Истинная жизнь Севастьяна Найта (перевод Г. Барабтарло)
Шестнадцатая глава

Вместо предисловия
Предисловие переводчика
Глава: 1 2 3 4 5 6 7 8 9 10 11 12
13 14 15 16 17 18 19 20
Тайна Найта

Шестнадцатая глава

По первому впечатлению мне показалось, что я достиг своей цели, – по крайней мере теперь я знал, кто была любовница Севастьяна; но скоро я несколько поостыл. Возможно ли, чтобы ею и вправду оказалась первая жена этого пустоплюя, думал я, едучи в таксомоторе к следующему адресу. Стоило ли пускаться по этому слишком уж правдоподобному следу? Что-то уж очень тривиален был образ, нарисованный Пал Палычем. Капризная соблазнительница, от которой гибнут безрассудные мужчины. Но разве Севастьян был безрассуден? Мне вспоминалось его резкое неприятие как явного зла, так и очевидного добра, трафаретных удовольствий и банальных невзгод. Такого рода женщина моментально вызвала бы в нем раздражение. Да и о чем бы она с ним говорила, даже если б ей и удалось познакомиться с тихим, несообщительным, рассеянным англичанином в отеле "Бомонт"? Услыхав ее суждения один только раз, он уж конечно стал бы избегать ее. Он, помнится, говорил, что у бойких бабенок бывает вялый ум и что нет ничего докучливей хорошенькой женщины, которая ищет развлечений; хуже того, он говорил, что как бы она ни была собою хороша, но когда видишь на ней кремовый слой пошлости, то уж непременно найдешь и в ее красоте какой-нибудь маленький порок, соответствующий привычкам ума. Он может и не прочь был откусить от яблока греха, ибо был равнодушен к самому понятию греха – исключая погрешностей против грамматики; но он терпеть не мог яблочного желе, консервированного и запатентованного. Он простил бы женщине шаловливую игривость, но не вынес бы напускной таинственности. Он мог бы снисходительно отнестись к девке, хлещущей пиво, но с пристрастием к гашишу была бы ему несносна. Чем больше я думал об этом, тем невероятнее все это представлялось… Но во всяком случае мне незачем было ломать себе голову над этой задачей, пока две остальные были еще неисследованы.

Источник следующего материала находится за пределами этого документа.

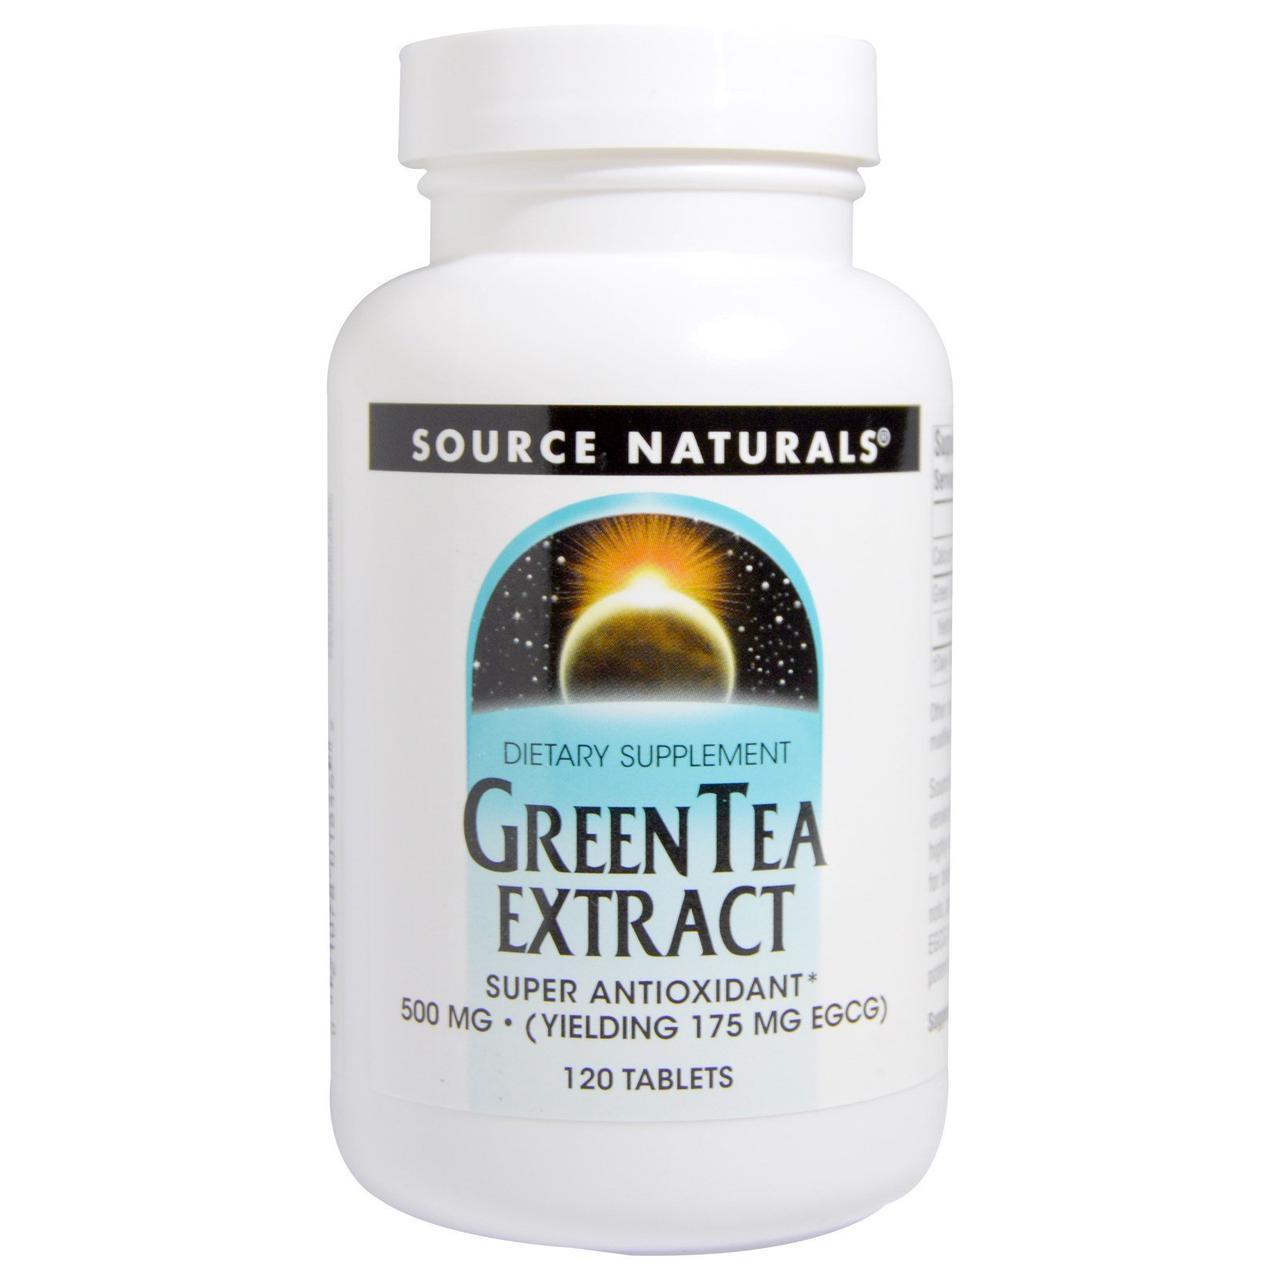 Зеленый чай экстракт (Green Tea Extract), Source Naturals, 500мг, 120 таб.

И вот я с нетерпением ступил на порог весьма элегантного особняка (в весьма фешенебельной части города), возле которого остановился мой таксомотор. Горничная сказала, что хозяйки нет дома, но, видя мое огорчение, попросила меня минуту подождать и потом возвратилась, предложив, если мне будет угодно, поговорить с мадам Лесерф, приятельницей мадам фон Граун. Она оказалась маленькой, щуплой, бледнолицей молодой женщиной с гладко зачесанными черными волосами. Мне подумалось, что никогда я не видывал столь матово-бледной кожи; на ней было черное платье с высоким воротником, в руке у нее был длинный черный мундштук.

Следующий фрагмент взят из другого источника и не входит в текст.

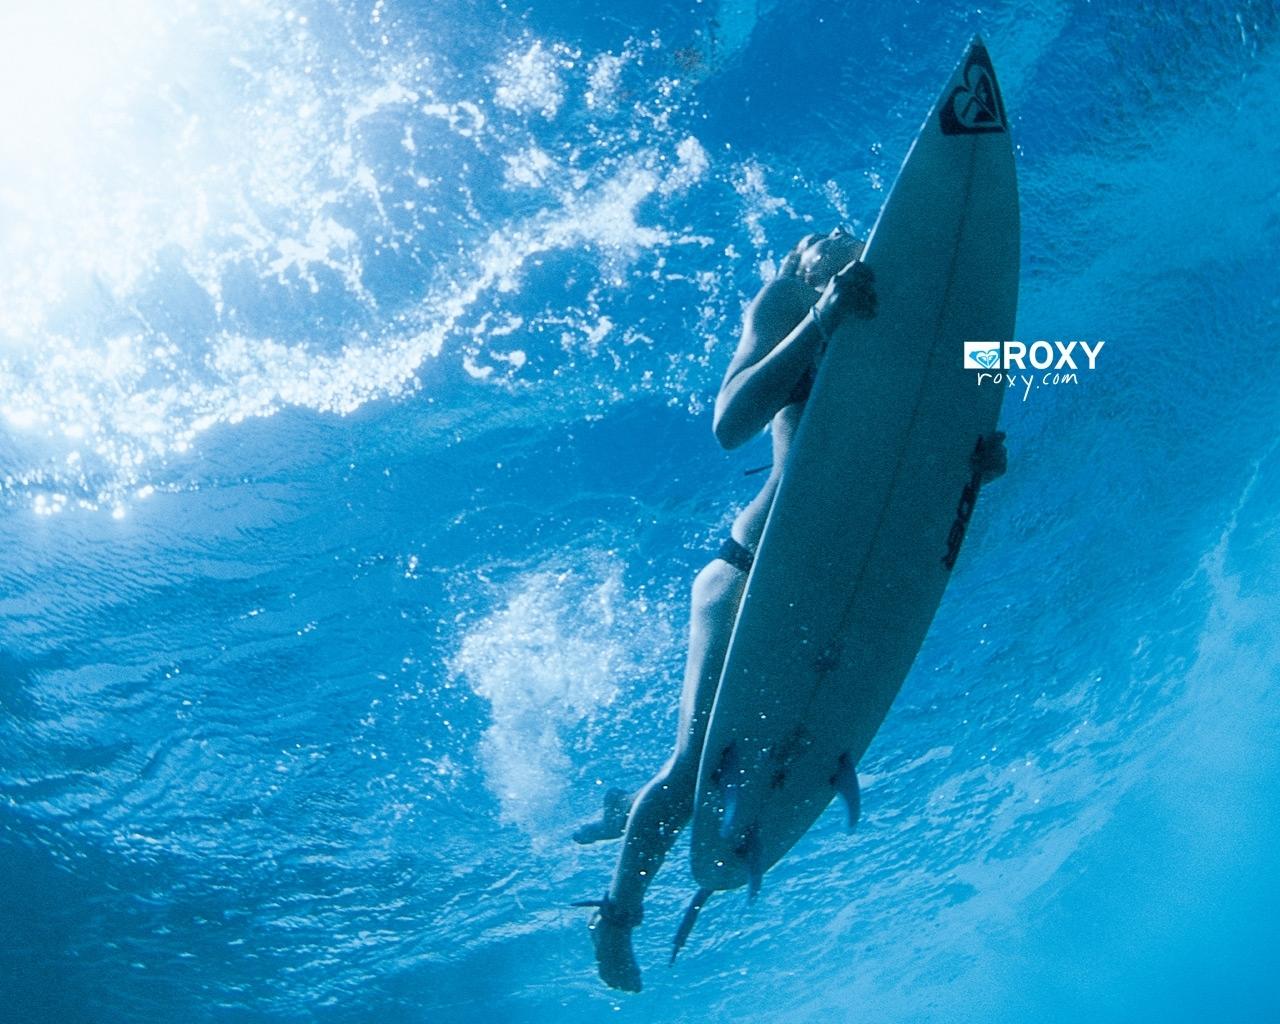 winter surfing roxy wallpaper - photo #33

– Так вы желаете видеть мою подругу? – сказала она, и была, подумал я, прелестная старосветская обходительность в ее кристально чистом французском.

Я представился.

– Да, – сказала она, – я видела вашу карточку. Вы русский, не правда ли?

– Я пришел, – объяснил я, – по весьма деликатному делу. Но сперва скажите, верно ли я понимаю, что мадам Граун моя соотечественница?

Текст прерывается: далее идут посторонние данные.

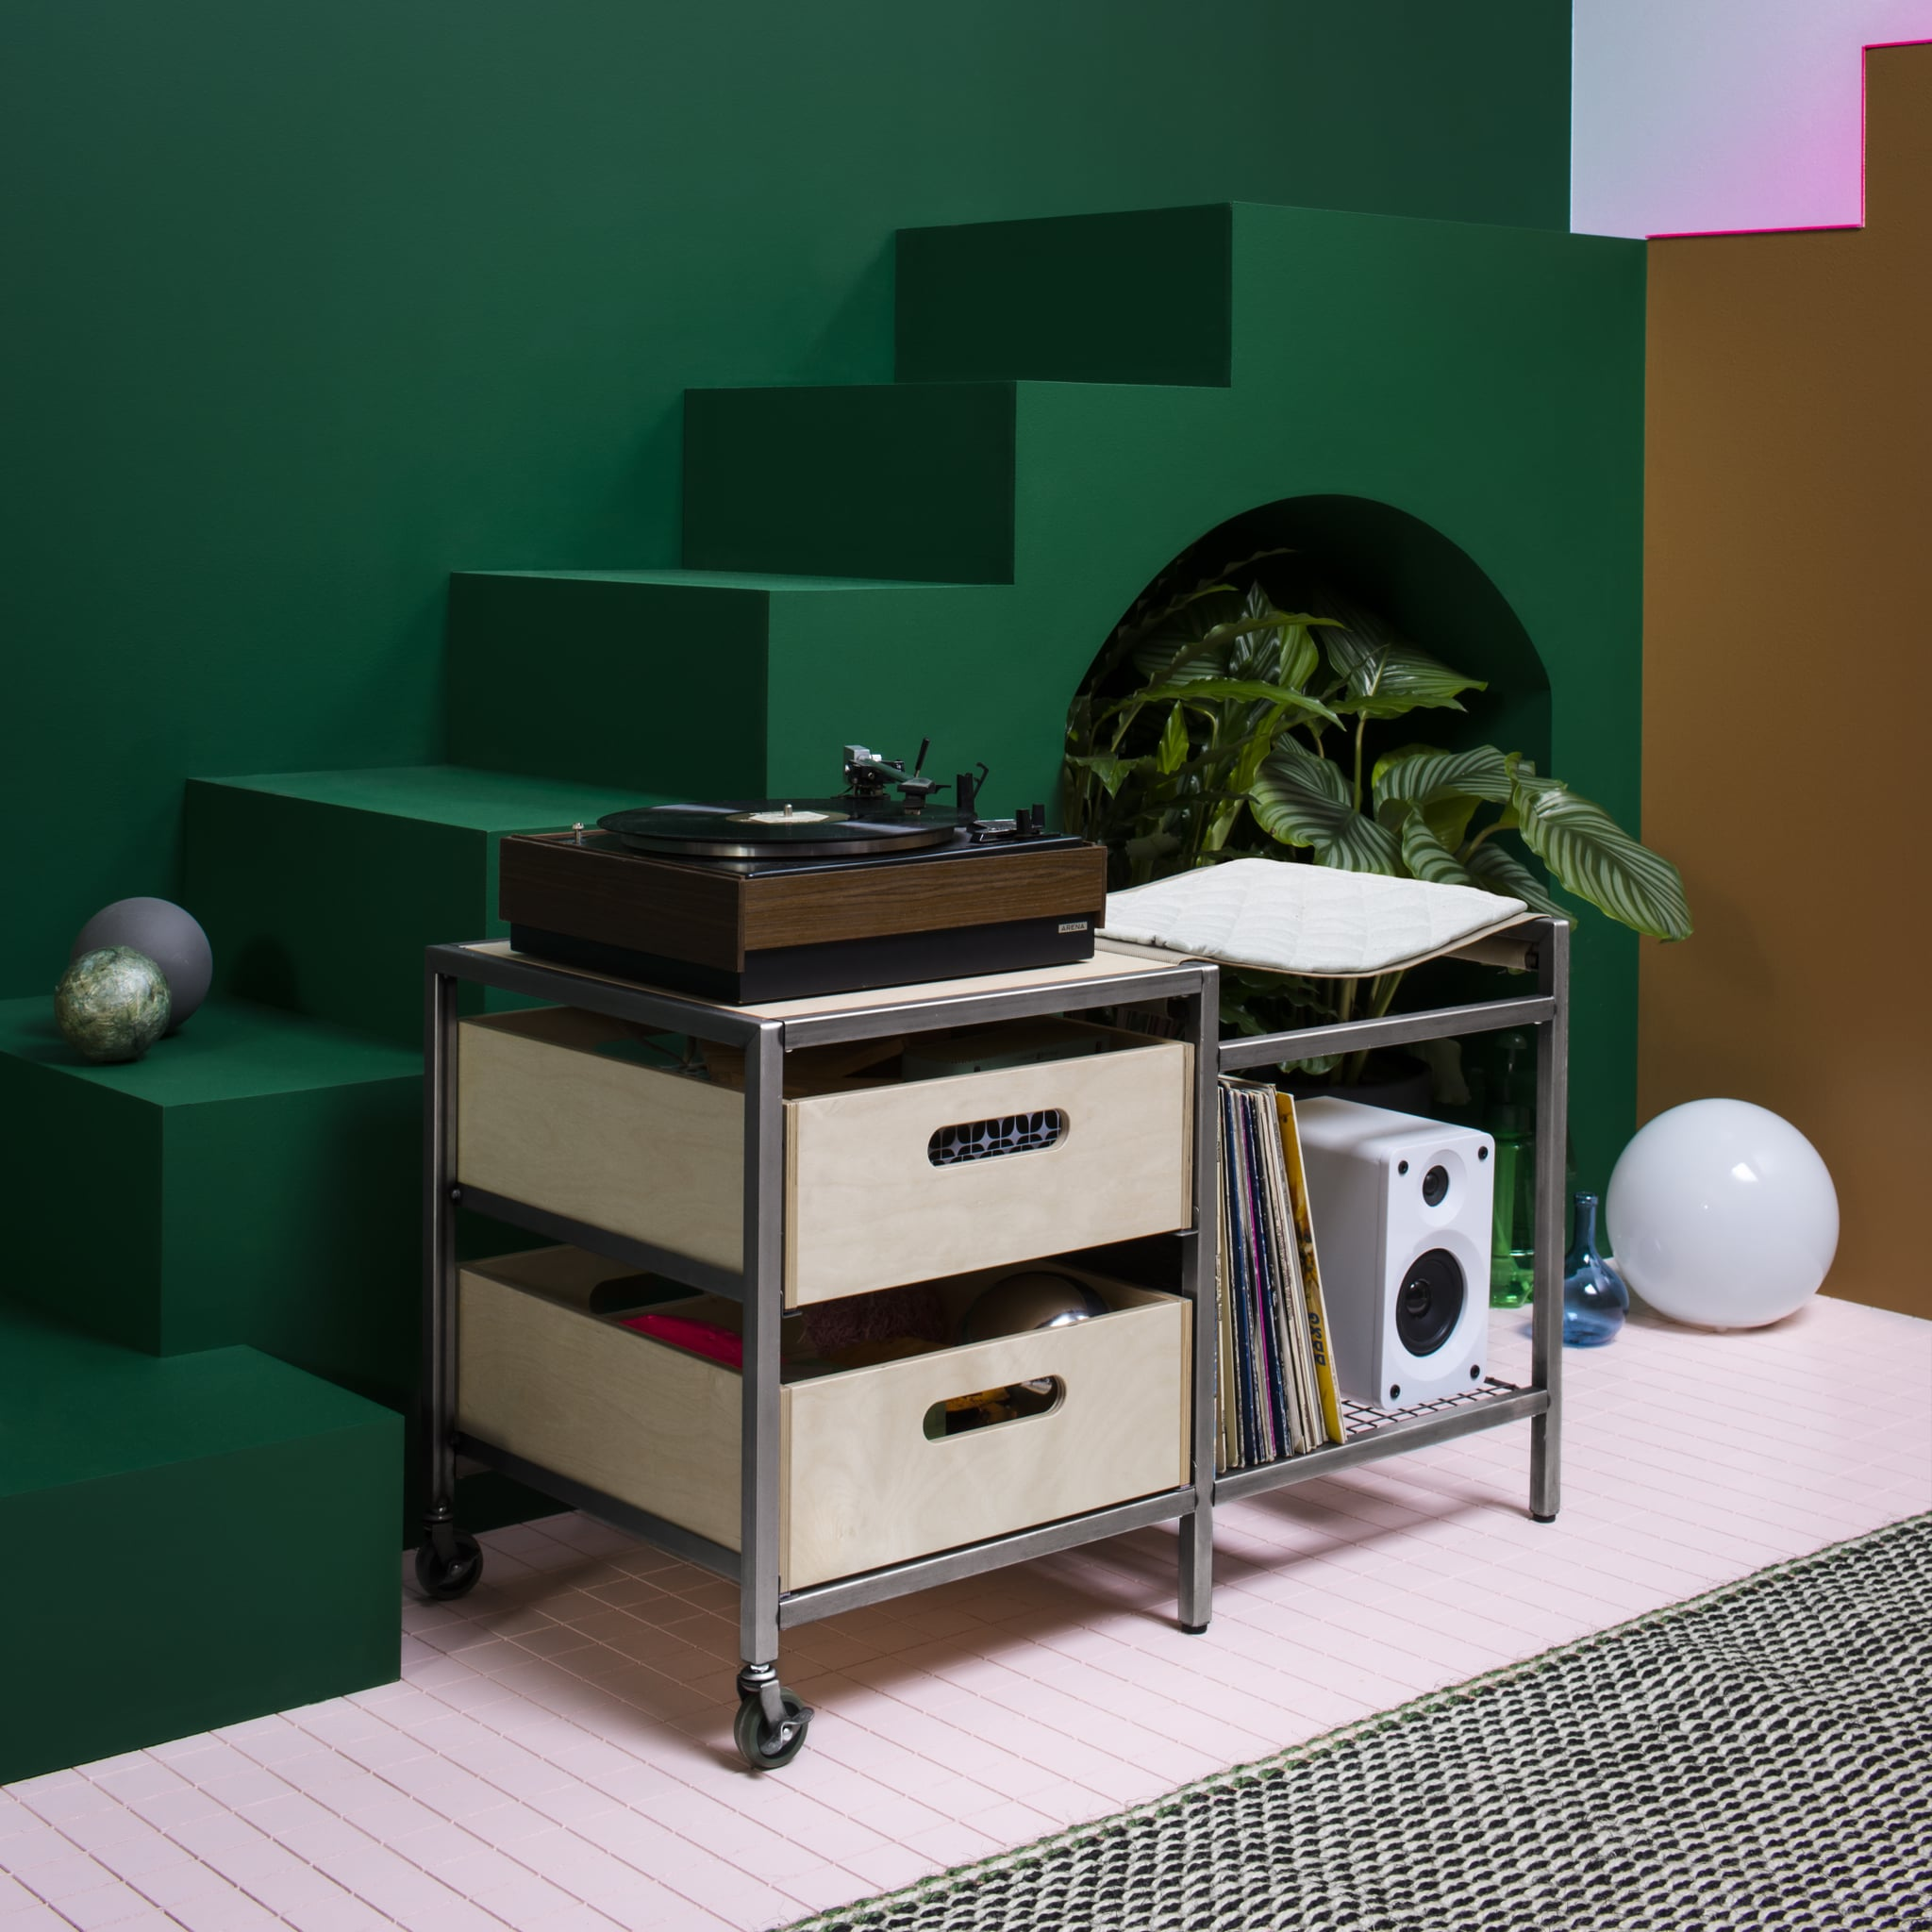 Veberöd Bench ($100) | Organizing Your Small Apartment Has Never ...

Mais oui, elle est tout ce qu’il y a de plus russe[71], – отвечала она своим мягким, переливчатым голосом. – Муж ее был немец, но он тоже говорил по-русски.

– Вот как, – сказал я. – Это прошедшее время весьма кстати.

– Вы можете быть со мной вполне откровенны, – сказала мадам Лесерф. – Я люблю деликатные дела.

– Я состою в родстве, – продолжал я, – с английским писателем Севастьяном Найтом, который скончался тому назад два месяца; я хочу составить его жизнеописание. У него была близкая подруга, с которой он познакомился в Блауберге, где останавливался в 1929 году. Я пытаюсь ее разыскать. Вот, собственно, и все.

Quelle drôle d’histoire– воскликнула она. – Но что же вы хотите у нее узнать?

– Да все, что ей угодно будет рассказать… Но должен ли я понимать ваши слова так, что… Вы хотите сказать, что мадам Граун и есть та самая женщина?

– Очень может быть, – сказала она, – хотя она при мне как будто не упоминала… как бишь, вы сказали, его имя?

– Севастьян Найт.

– Нет. Но все равно, это вполне вероятно. Она всегда заводит знакомства, где бы ни была. [73], – прибавила она, – что вам следует поговорить с ней самой. Не сомневаюсь ни минуты, что вы найдете ее очаровательной. Но что за странная история, – повторила она с улыбкой. – Для чего вам писать о нем книгу? И как случилось, что вам неизвестно имя этой женщины?

– Севастьян Найт был человек довольно скрытный, – объяснил я. – А письма этой дамы, которые у него имелись… Видите ли – согласно его воле, их требовалось уничтожить после его смерти.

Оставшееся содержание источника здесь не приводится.